Line 232: I think this interpretation requires more explanation. It is confusing to include a ‘strain-free’ model, because there is strain in this model at the block boundaries. I suggest using a different label for the two models (rigid vs. internal deformation?).
(Line 240/280) One significant problem is the extension in the modelling in the northern part of the Altay, which is matched by compression in the south. This is most likely an artifact of the model (as noted in line 285). Can you quantify how much rotation/levering contributes to the strain at the edges of the model, and remove the artifact? There aren’t any notable normal faulting earthquakes in the catalogue for the Altay (e.g. Sloan et al., 2011), so it does not seem likely that there is a significant extension component to the deformation (though there certainly are normal faulting earthquakes in the Hanguy!).
How are compressive stresses distributed along the faults? Altay faults have field evidence for compression at large scale bends where they form flower structures with significant thrust fault components, but in between these structures they may have pure strike slip motion (and therefore a faster strike slip rate). How is this heterogeneity in fault kinematics dealt with in your modelling and interpretation? How many sites are located within a restraining bend compared to along a straight section of the faults?
More explanation needed for interpreting the block modelling -how much of the slip rates plotted in Figure 5 are dependent on the models vs the GNSS data? What happens if you randomly remove some data (e.g. a bootstrap analyses?). Again profiles of the GNSS data would help with this.
L350: The Olgiy fault has a low slip rate in your model, but I wonder how much of this is because there are no GNSS sites on the western side of the fault – so most of the strain in the Fu Yun fault is concentrated (in the model) close to where there is data? In general, can you comment on how the site location introduces bias into the modelling?
I think it is important to always consider that the GNSS data is a different measurement to Quaternary fault slip rates. Quaternary fault slip rates represent (mostly) strain released in earthquakes. They can be influenced by whether a fault is early or late in its seismic cycle (especially when dealing with long recurrence intervals and large earthquakes), but should at least represent earthquakes. GNSS data is interpreted to represent the slow accumulation of elastic strain (between faults). It is very important to compare between these different observations (as has been done in the manuscript), but it is also important to consider the assumptions in these comparisons.
The discussion ends rather abruptly.
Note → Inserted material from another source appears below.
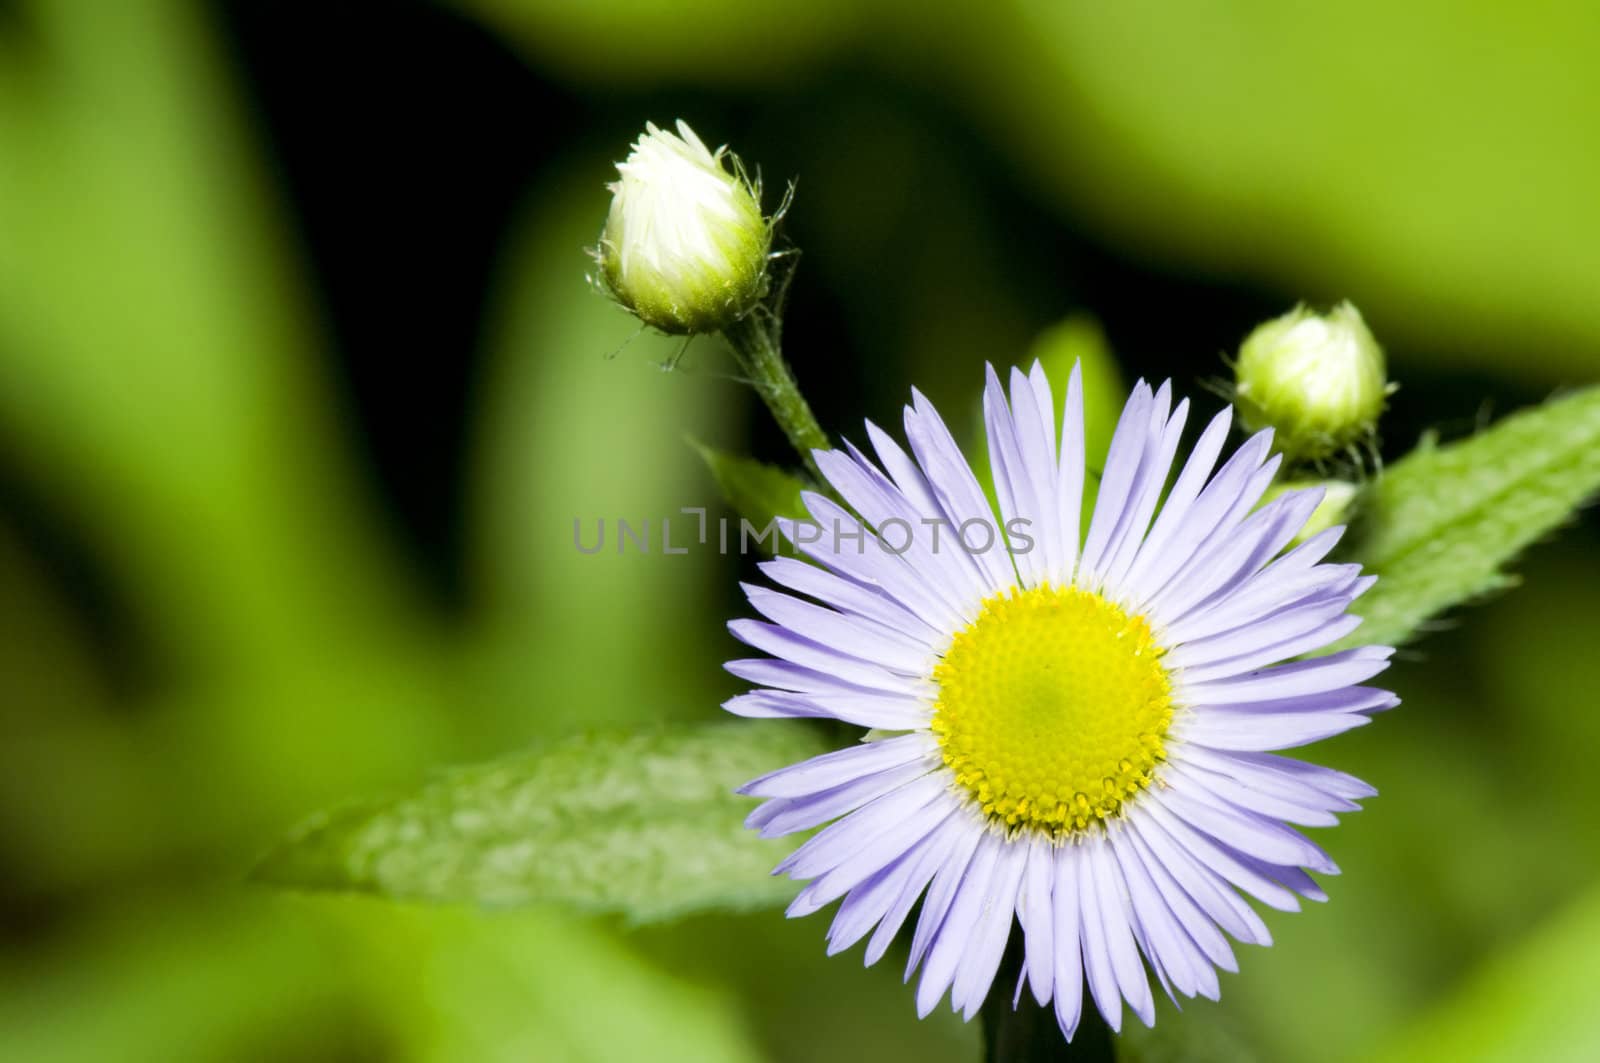 daisy flower macro shot, selective focus

I suggest you can improve the relevance of the work by ending the discussion with some points on the wider context of this work.
Minor
Be consistent in using Fig. vs Figure in your figure references.
Be consistent with spelling of Altay vs Altai, etc.
L70: The region also has significant compressional components of deformation.
Line 140: Change firsts to first
Line 206: I cannot find a reference to Figure 4 in the text, maybe it is supposed to be what is referenced as Figure 5 in this line?
Line 310: The phrasing of the second part of this sentence is incomplete.
Figures:
It would help to put some key place names (towns) on one of your maps, to help the reader locate themselves.
All Figures with GNSS data need a scale marker for the uncertainty ellipses.
Figure 5 is missing labels for (a) and (b), there is no (c) but this is referenced in the text at line 224. Fix references and labels associated with what looks to be splitting Figure 4 into two Figures.
What is the scale on the residual arrows in Figure 5?
It would be helpful to label the faults on Figure 5, since they are discussed with respect to the modelling results (e.g. the reader may not know that the Olgiy fault approximately forms the boundary of the western side of the Hovd block (in the north)).